Aturan Etika disahkan oleh Rapat Anggota Himpunan dan hanya mengikat anggota Himpunan yang bersangkutan. Aturan Etika ini harus diterapkan oleh anggota Ikatan Akuntan Indonesia – Kompartemen Akuntan Publik (IAI-KAP) dan staf profesional (baik yang anggota IAI-KAP maupun yang bukan anggota IAI-KAP) yang bekerja pada satu Kantor Akuntan Publik (KAP). Dalam hal staf profesional yang bekerja pada satu KAP yang bukan anggota IAI-KAP melanggar Aturan Etika ini, maka rekan pimpinan KAP tersebut bertanggung jawab atas tindakan pelanggaran tersebut.

Aturan Etika Kompartemen Akuntan Publik merupakan etika profesional bagi akuntan yang berpraktik sebagai akuntan publik Indonesia. Aturan Etika Kompartemen Akuntan Publik bersumber dari Prinsip Etika yang ditetapkan oleh Ikatan Akuntan Indonesia.

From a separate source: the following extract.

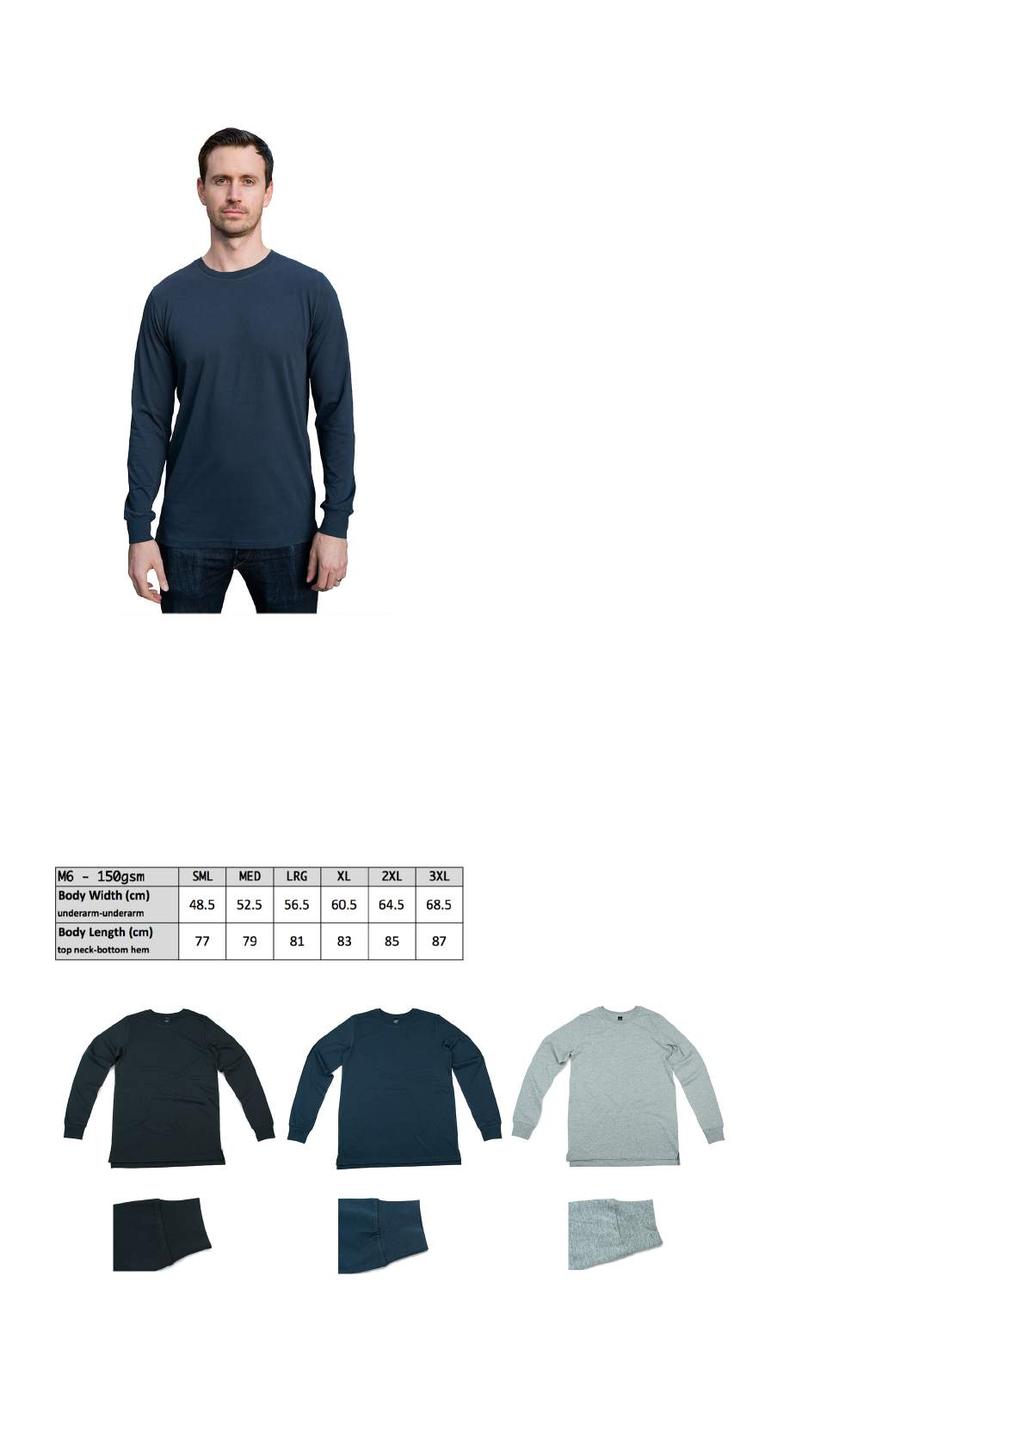 M6 - Mens Long Sleeve With Cuffs Our Mens Long Sleeve with cuffs is similar to the classic long sleeve tee however we have created it to be a little bit wider in fit with cuffs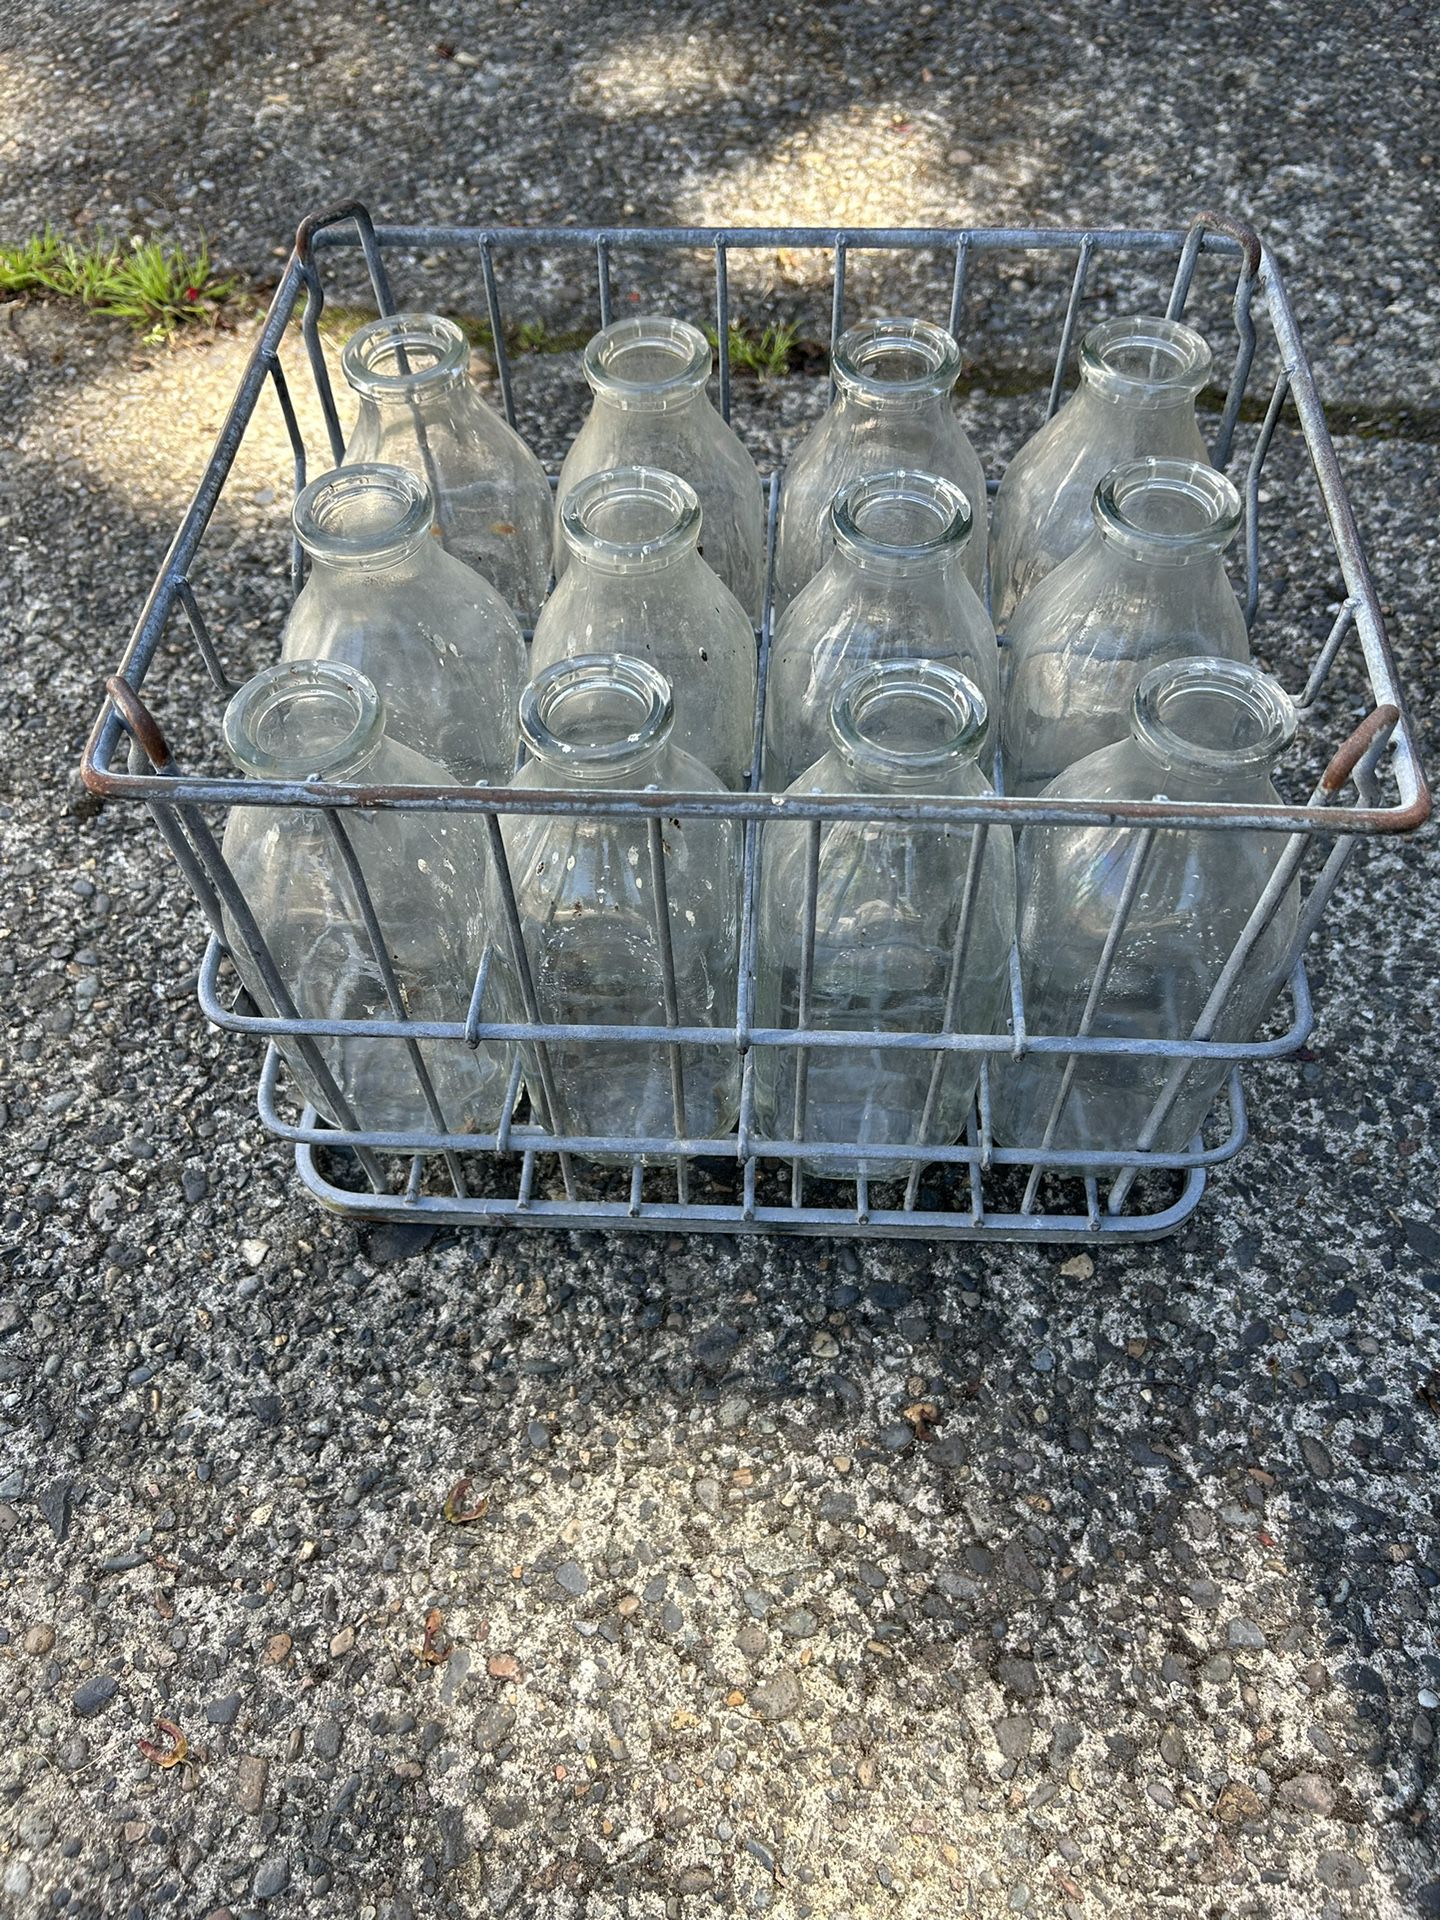 Vintage Milk Crate With One Dozen Milk Jugs. All In Good Condition.

Dalam konggresnya tahun 1973, Ikatan Akuntan Indonesia (IAI) untuk pertama kalinya menetapkan kode etik bagi profesi akuntan Indonesia, kemudian disempurnakan dalam konggres IAI tahun 1981, 1986, 1994, dan terakhir tahun 1998. Etika profesional yang dikeluarkan oleh Ikatan Akuntan Indonesia dalam kongresnya tahun 1998 diberi nama Kode Etik Ikatan Akuntan Indonesia.

III.      INTERPRETASI ATURAN ETIKA

Interpretasi Aturan Etika merupakan interpretasi yang dikeluarkan oleh Badan yang dibentuk oleh Himpunan setelah memperhatikan tanggapan dari anggota, dan pihak-pihak berkepentingan lainnya, sebagai panduan dalam penerapan Aturan Etika, tanpa dimaksudkan untuk membatasi lingkup dan penerapannya.